此时复合物文件的原子数为2个文件之和，因此需要在第2行把2个文件原子数相加并保存。
再打开topol.top文件，在[ moleculetype ]以上添加如下信息：

1 2	; Include ligand parameters #include "resi.prm"

拉到最下面，在#endif后面添加：

1 2	; Include ligand topology #include "resi.itp"

再拉到最后面，[ molecules ]项，在Protein_chain_A 下添加：

resi                 1

定义盒子

这步主要是定义盒子并添加溶剂。

1 2	gmx editconf -f complex.gro -o newbox.gro -bt dodecahedron -d 1.0 gmx solvate -cp newbox.gro -cs spc216.gro -p topol.top -o solv.gro

添加离子

构建完盒子后，现在得到了一个带电蛋白质的溶剂化系统（如果打开topol.top，看到[ atoms ]项目中会存在类似于qtot 6字段），因此需要在系统中添加离子。
新建ions.mdp文件，将下列代码粘贴进去并保存：

; LINES STARTING WITH ';' ARE COMMENTS
title		    = Minimization	; Title of run

; Parameters describing what to do, when to stop and what to save
integrator	    = steep		; Algorithm (steep = steepest descent minimization)
emtol		    = 1000.0  	; Stop minimization when the maximum force < 10.0 kJ/mol
emstep          = 0.01      ; Energy step size
nsteps		    = 50000	  	; Maximum number of (minimization) steps to perform

; Parameters describing how to find the neighbors of each atom and how to calculate the interactions
nstlist		    = 1		    ; Frequency to update the neighbor list and long range forces
cutoff-scheme   = Verlet
ns_type		    = grid		; Method to determine neighbor list (simple, grid)
rlist		    = 1.0		; Cut-off for making neighbor list (short range forces)
coulombtype	    = cutoff	; Treatment of long range electrostatic interactions
rcoulomb	    = 1.0		; long range electrostatic cut-off
rvdw		    = 1.0		; long range Van der Waals cut-off
pbc             = xyz 		; Periodic Boundary Conditions

然后继续执行以下命令：

1
2
3

# 倘若报错检查topol.top最后一行SOL位置是否有误，确保独立一行！
gmx grompp -f ions.mdp -c solv.gro -p topol.top -o ions.tpr
gmx genion -s ions.tpr -o solv_ions.gro -p topol.top -pname NA -nname CL -neutral  #选择15，SOL

此时如果访问topol.top拖到最下面应该可以看到添加了离子。

能量最小化

动力学模拟需要把让系统处于能量最小值，先新建em.mdp文件，粘贴以下内容并保存：

; LINES STARTING WITH ';' ARE COMMENTS
title		    = Minimization	; Title of run

; Parameters describing what to do, when to stop and what to save
integrator	    = steep		; Algorithm (steep = steepest descent minimization)
emtol		    = 1000.0  	; Stop minimization when the maximum force < 10.0 kJ/mol
emstep          = 0.01      ; Energy step size
nsteps		    = 50000	  	; Maximum number of (minimization) steps to perform

; Parameters describing how to find the neighbors of each atom and how to calculate the interactions
nstlist		    = 1		        ; Frequency to update the neighbor list and long range forces
cutoff-scheme   = Verlet
ns_type		    = grid		    ; Method to determine neighbor list (simple, grid)
rlist		    = 1.2		    ; Cut-off for making neighbor list (short range forces)
coulombtype	    = PME		    ; Treatment of long range electrostatic interactions
rcoulomb	    = 1.2		    ; long range electrostatic cut-off
vdwtype         = cutoff
vdw-modifier    = force-switch
rvdw-switch     = 1.0
rvdw		    = 1.2		    ; long range Van der Waals cut-off
pbc             = xyz 		    ; Periodic Boundary Conditions
DispCorr        = no

如果后续报错，可以换成这个em.mdp，原理可能是steep算法问题，替换掉不会过于激进，也有可能是define = -DFLEXIBLE这段改变了什么条件，且不去深究了。

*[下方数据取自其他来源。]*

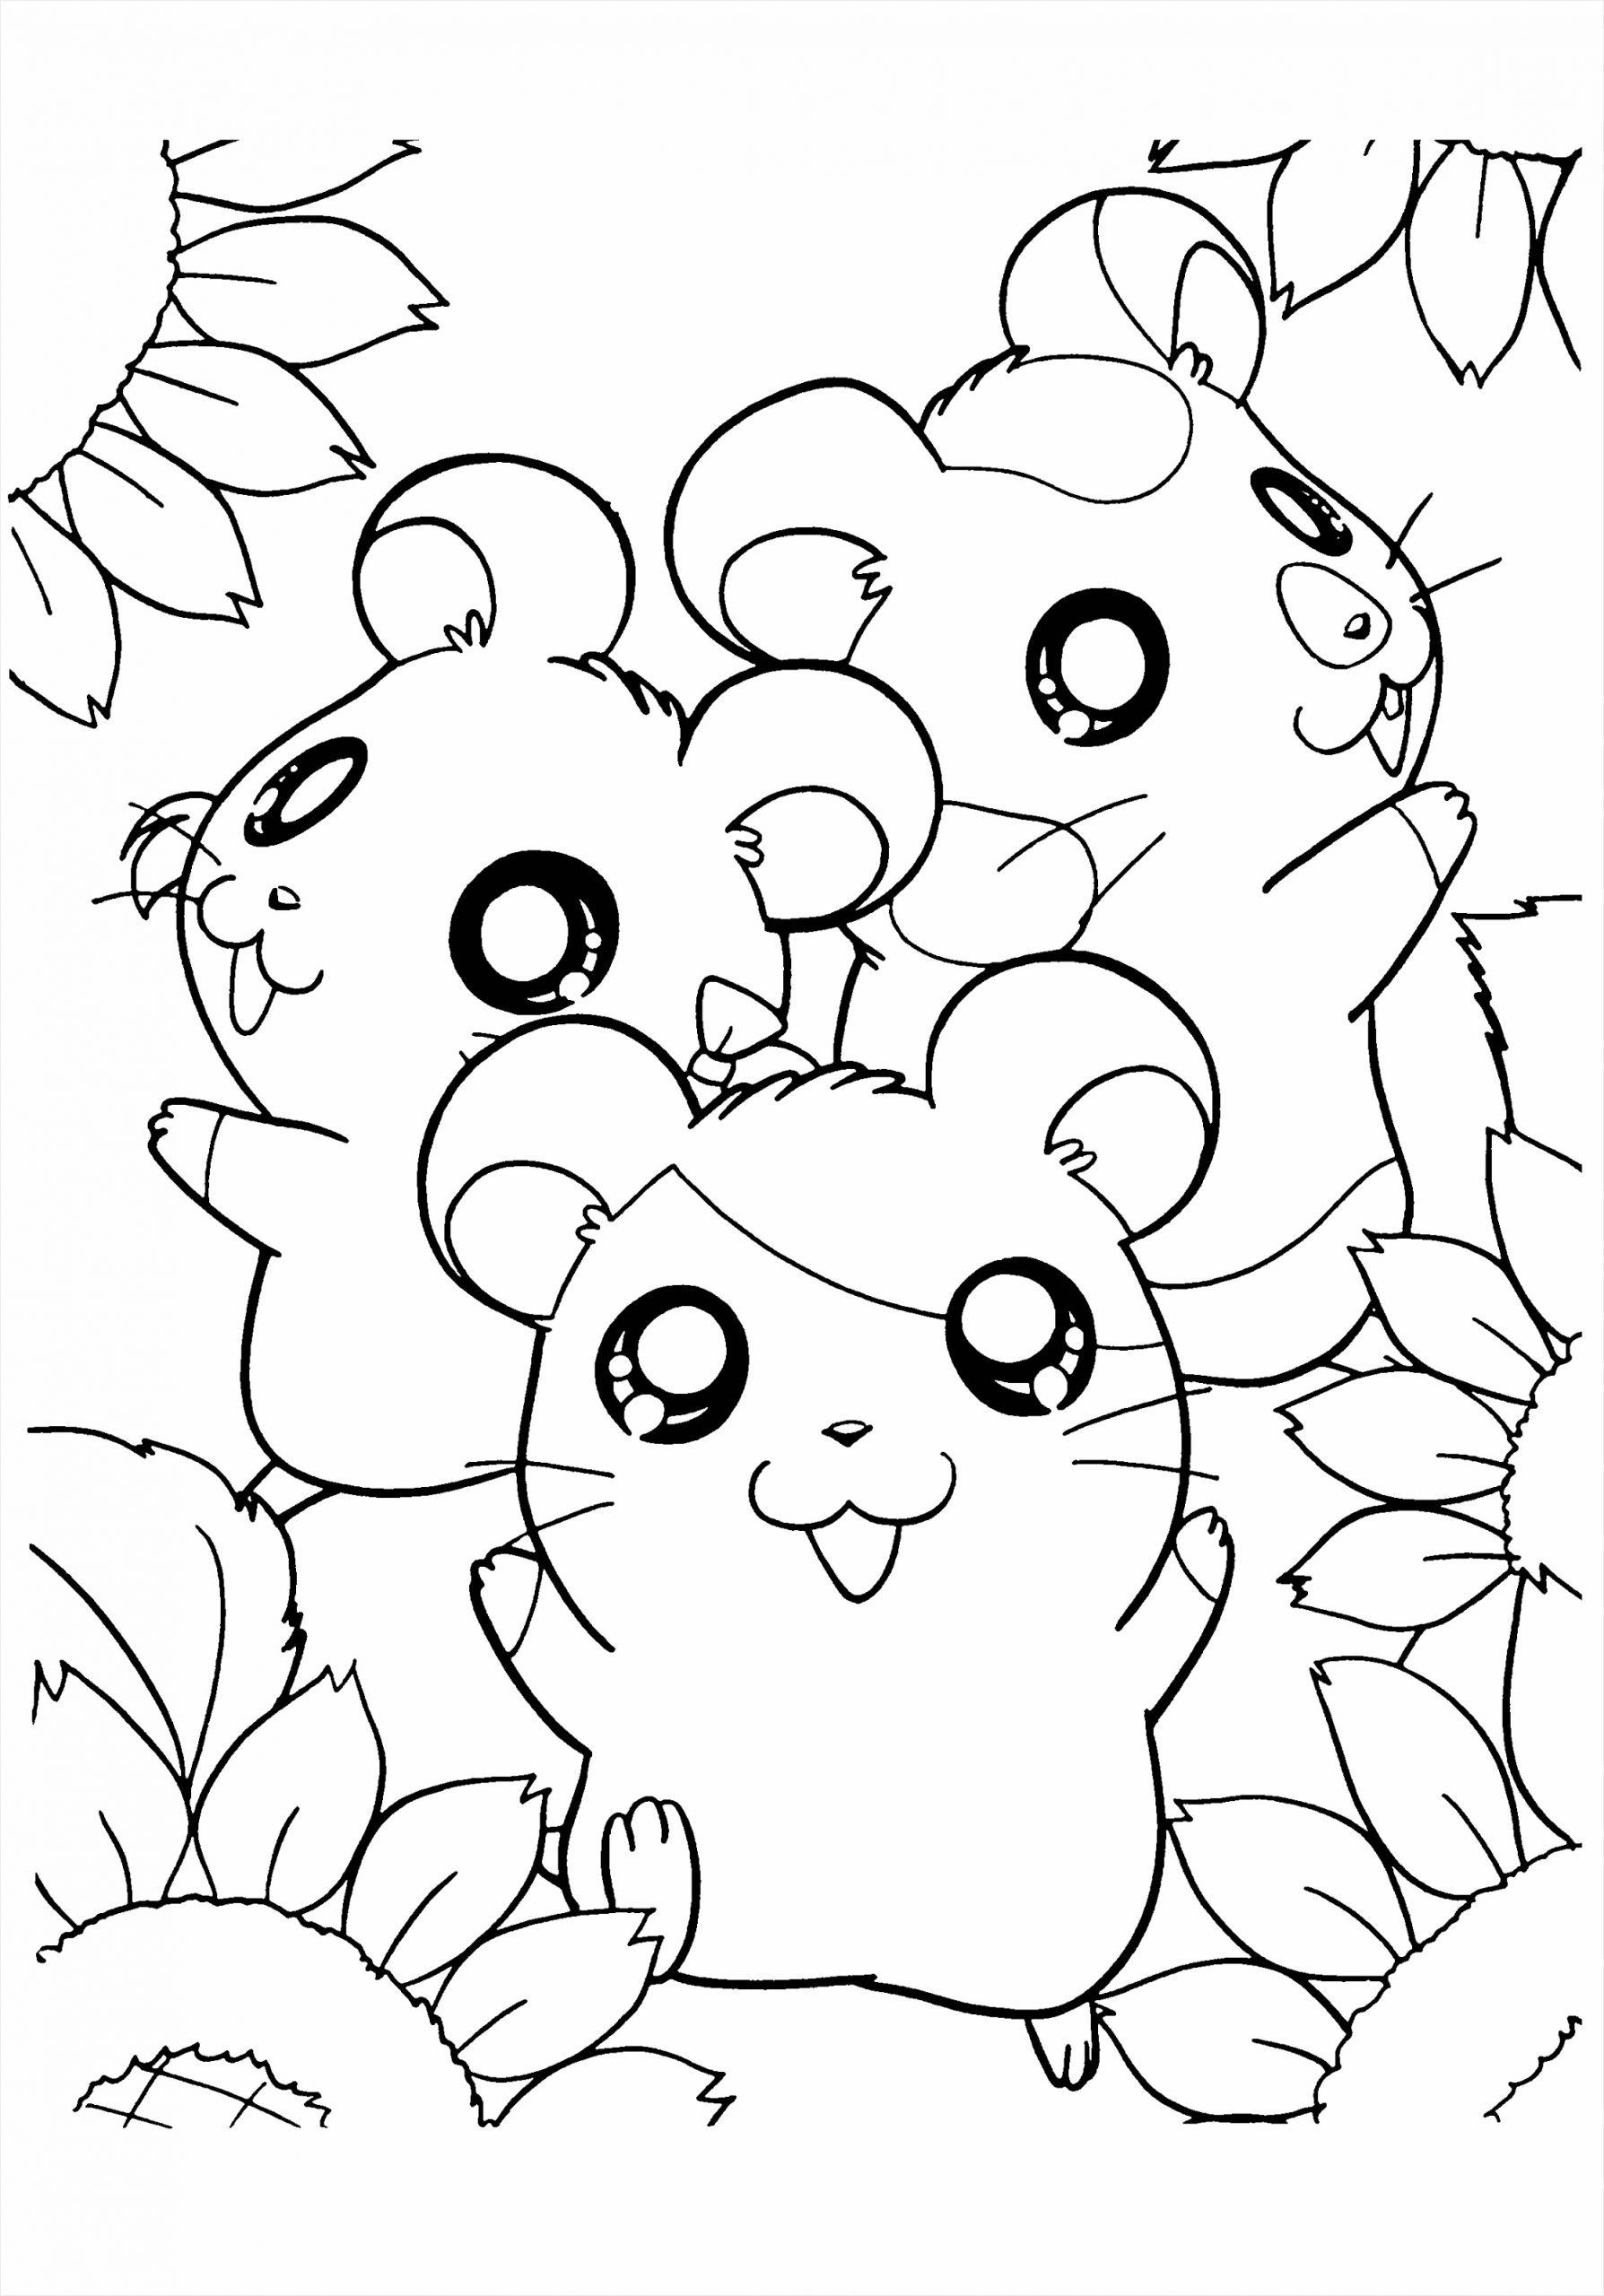 Cute Girl Hamster Coloring Pages az hamtaro coloring pages coloring home Pages Girl Cute Coloring Hamster optyu

; VARIOUS PREPROCESSING OPTIONS = 
title                    = 
include                  = 
define                   = -DFLEXIBLE

; RUN CONTROL PARAMETERS = 
integrator               = cg
; start time and timestep in ps = 
tinit                    = 0
dt                       = 0.001
nsteps                   = 100

; ENERGY MINIMIZATION OPTIONS = 
emtol                    = 0.00001
emstep                   = 0.001
nstcgsteep               = 1000

; OUTPUT CONTROL OPTIONS
; Output frequency for coords (x), velocities (v) and forces (f)
nstxout                  = 0
nstvout                  = 0
nstfout                  = 0
; Output frequency for energies to log file and energy file
nstlog                   = 0
nstcalcenergy            = -1
nstenergy                = 0
; Output frequency and precision for .xtc file
nstxtcout                = 0

lincs_order              = 8

rcoulomb                 = 0.9
rvdw                     = 0.9
rlist                    = 0.9

命令行执行下面内容：

1 2	gmx grompp -f em.mdp -c solv_ions.gro -p topol.top -o em.tpr gmx mdrun -v -deffnm em

平衡

约束配体

先约束配体：

gmx make_ndx -f resi.gro -o index_resi.ndx
...
> 0 & ! a H*
> q

再建立索引组：

1 2	# 后续选第3组 gmx genrestr -f resi.gro -n index_resi.ndx -o posre_resi.itp -fc 1000 1000 1000

然后需要处理topol.top文件，打开拉到底部区域，定位到; Include water topology处，在前面插入并保存：

; Ligand position restraints
#ifdef POSRES
#include "posre_resi.itp"
#endif

恒温器

然后执行：

gmx make_ndx -f em.gro -o index.ndx
...
# 合并蛋白质和残基
> 1 | 13
> q

再做NVT平衡，新建nvt.mdp，粘贴以下内容并保存，但是注意里面有个字段要修改！找到tc-grps，把后面的Protein_JZ4改成上一部合并的蛋白质残基索引！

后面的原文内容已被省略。